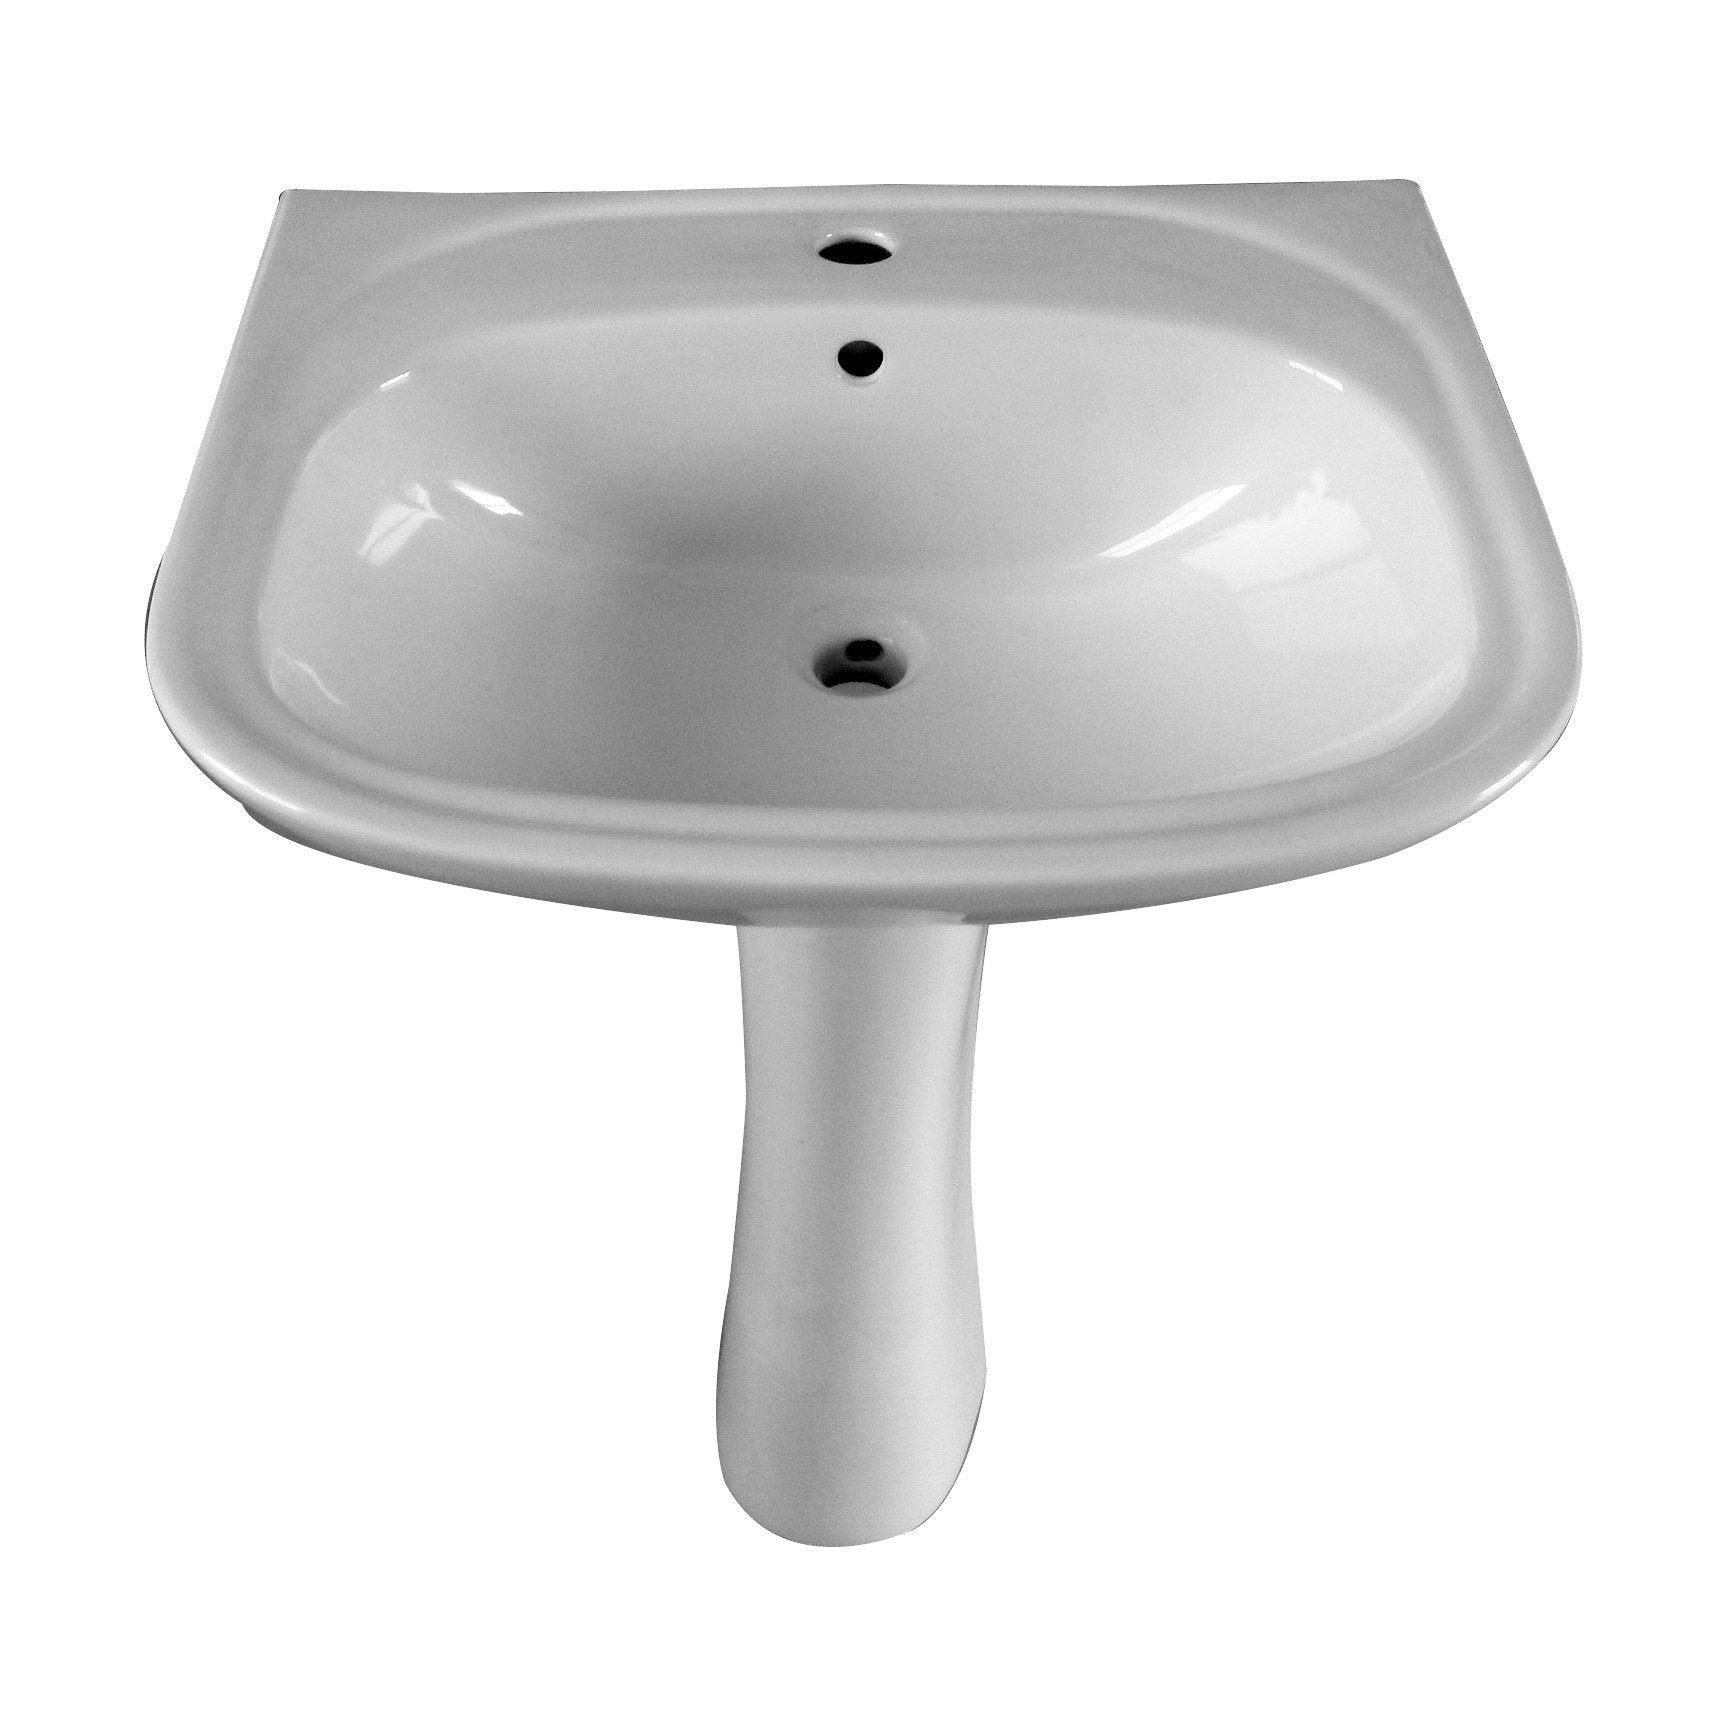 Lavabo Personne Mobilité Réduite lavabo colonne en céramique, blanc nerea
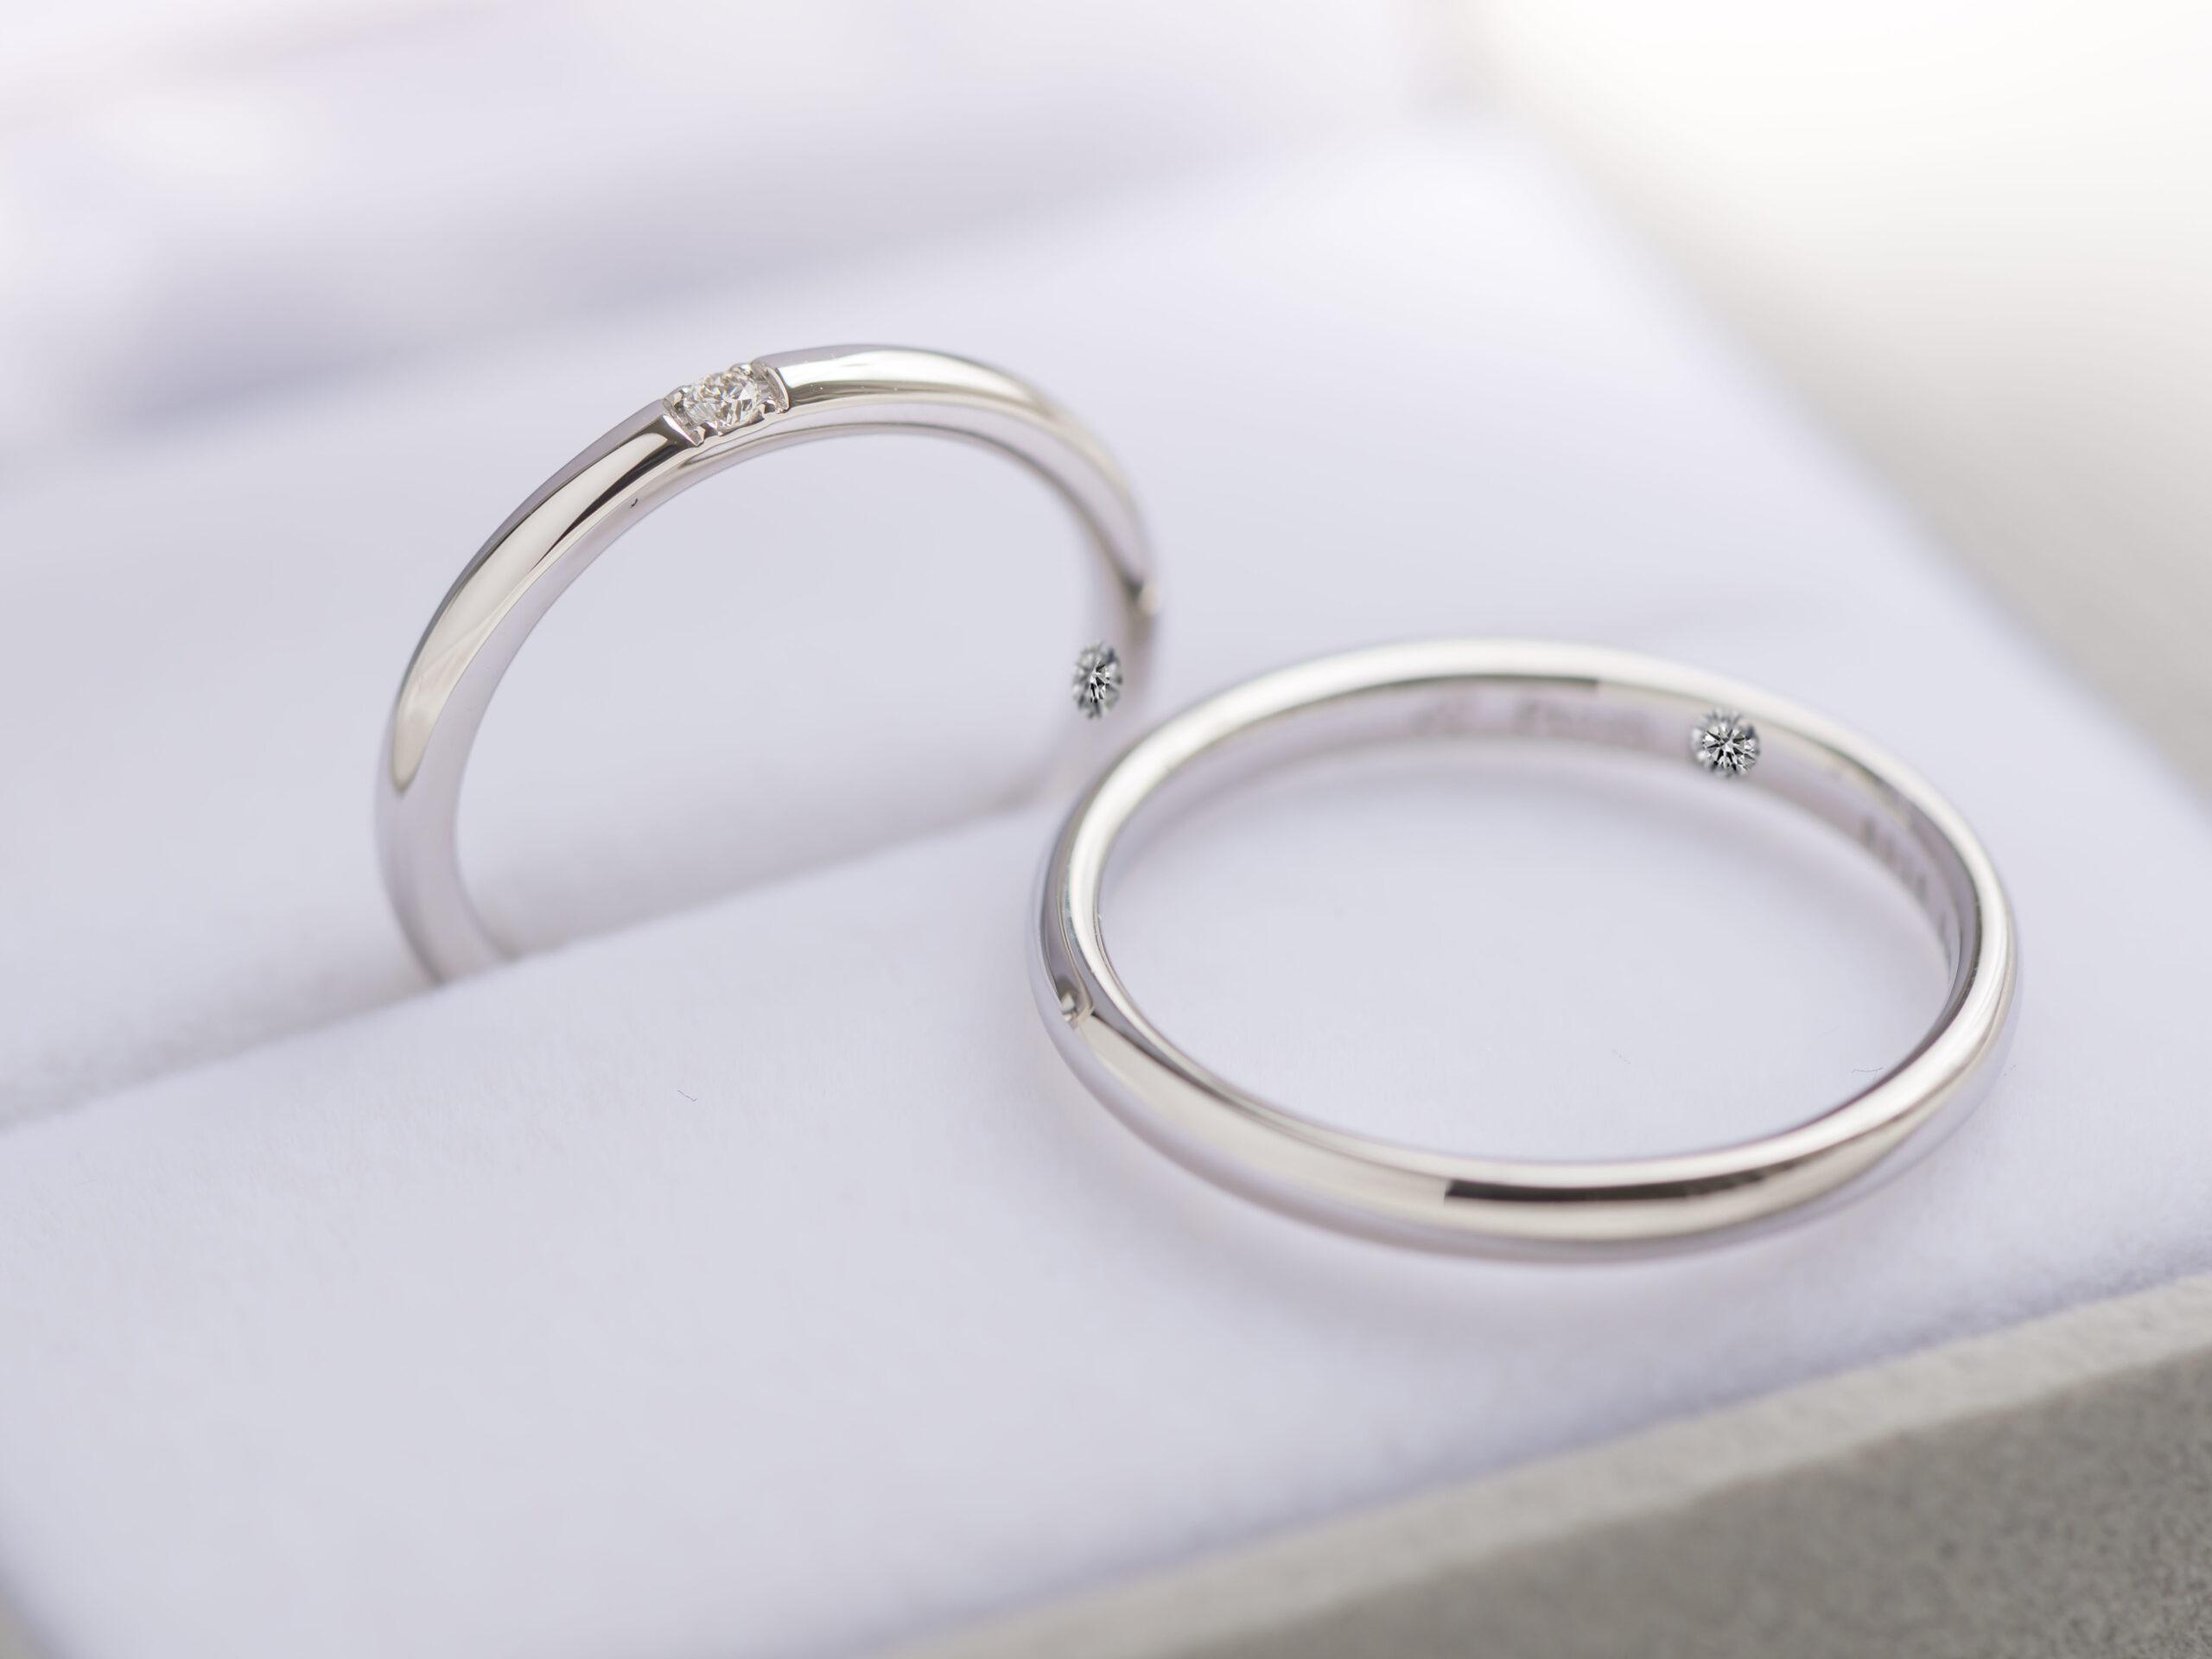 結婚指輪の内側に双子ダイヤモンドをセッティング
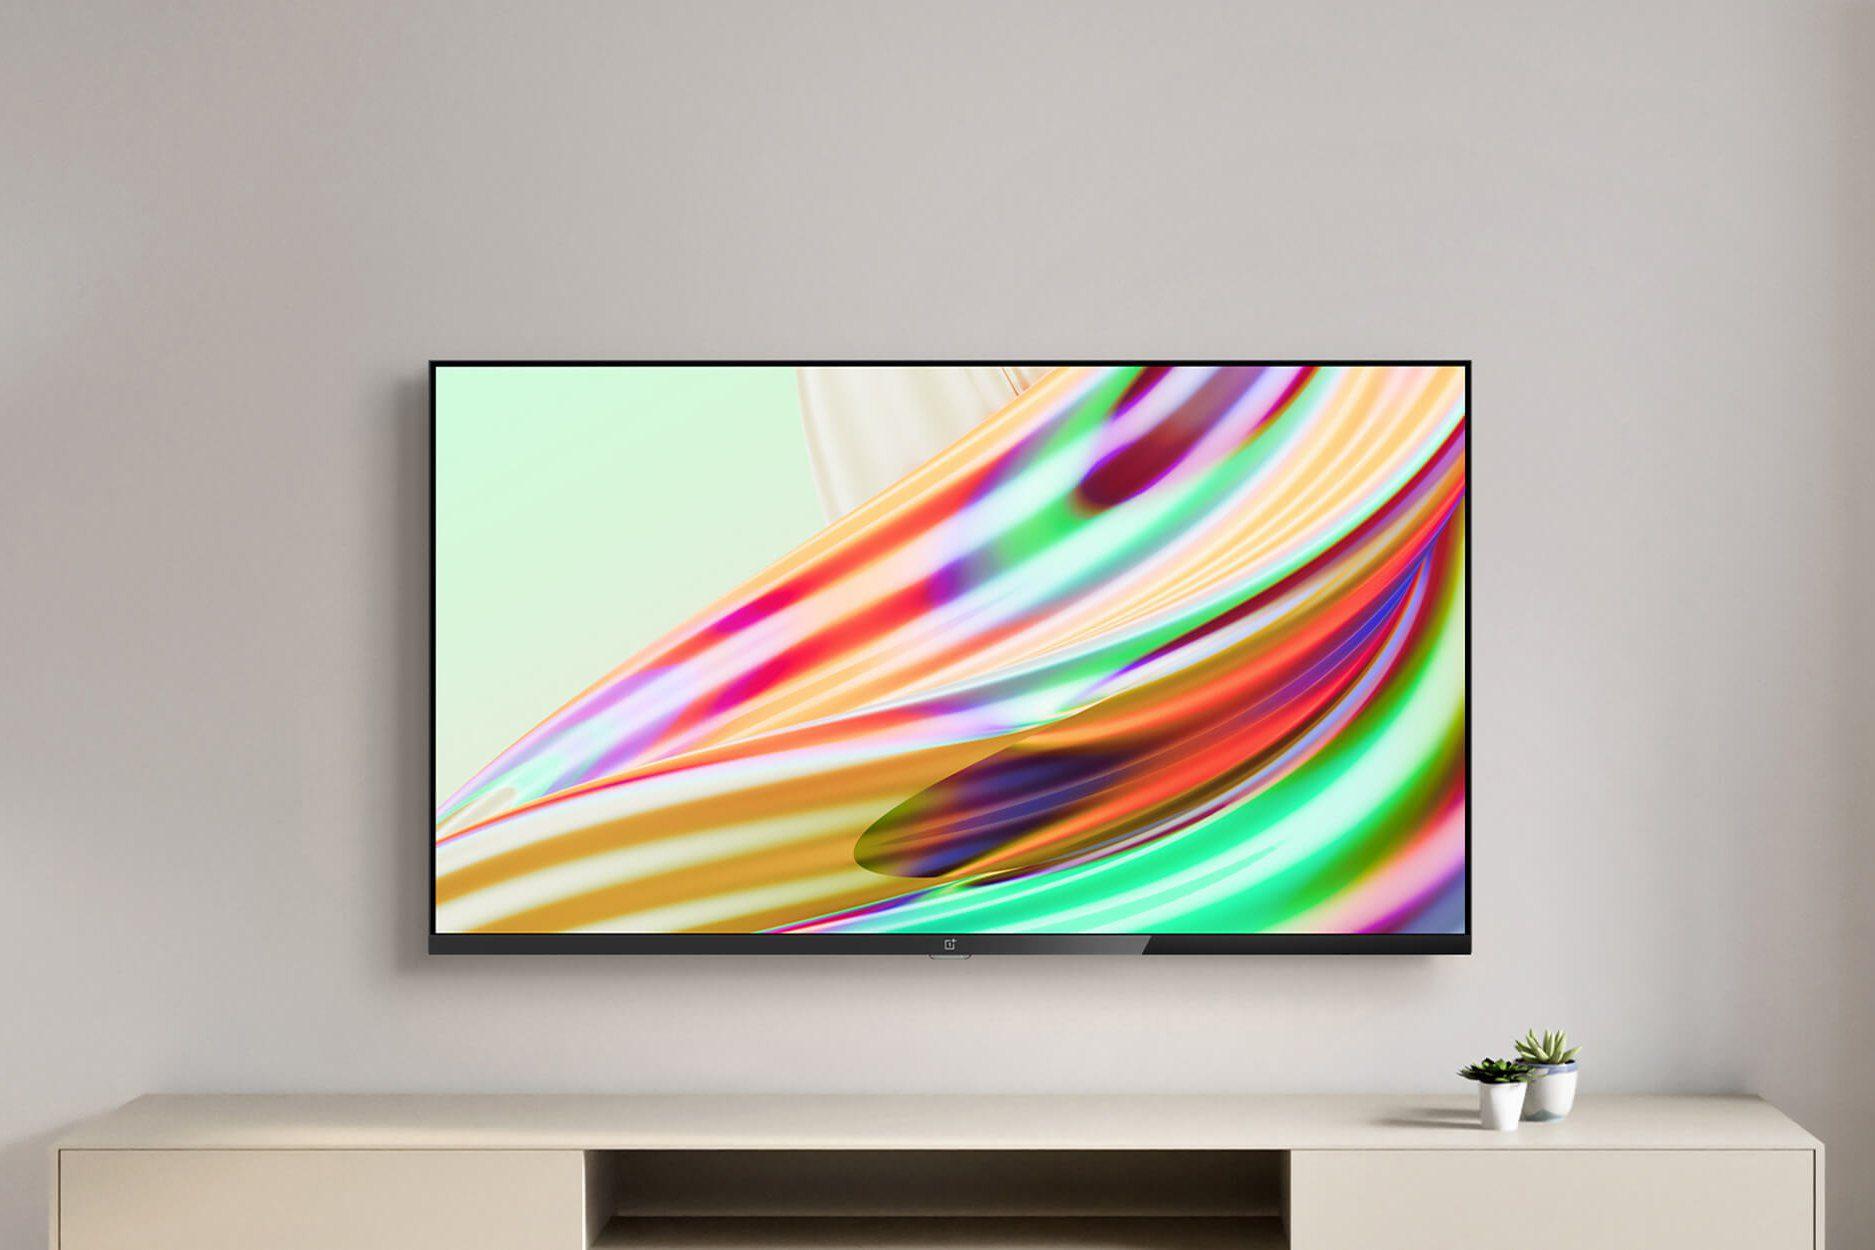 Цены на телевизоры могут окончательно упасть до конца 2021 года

● ● ● ● ●

**WHAT THE TASK ASKS**
Make an exact copy of the whole listing, but don't bring over any pictures.

**OUTPUT**
 Lavabo Personne Mobilité Réduite lavabo colonne en céramique, blanc nerea
 結婚指輪の内側に双子ダイヤモンドをセッティング
 Цены на телевизоры могут окончательно упасть до конца 2021 года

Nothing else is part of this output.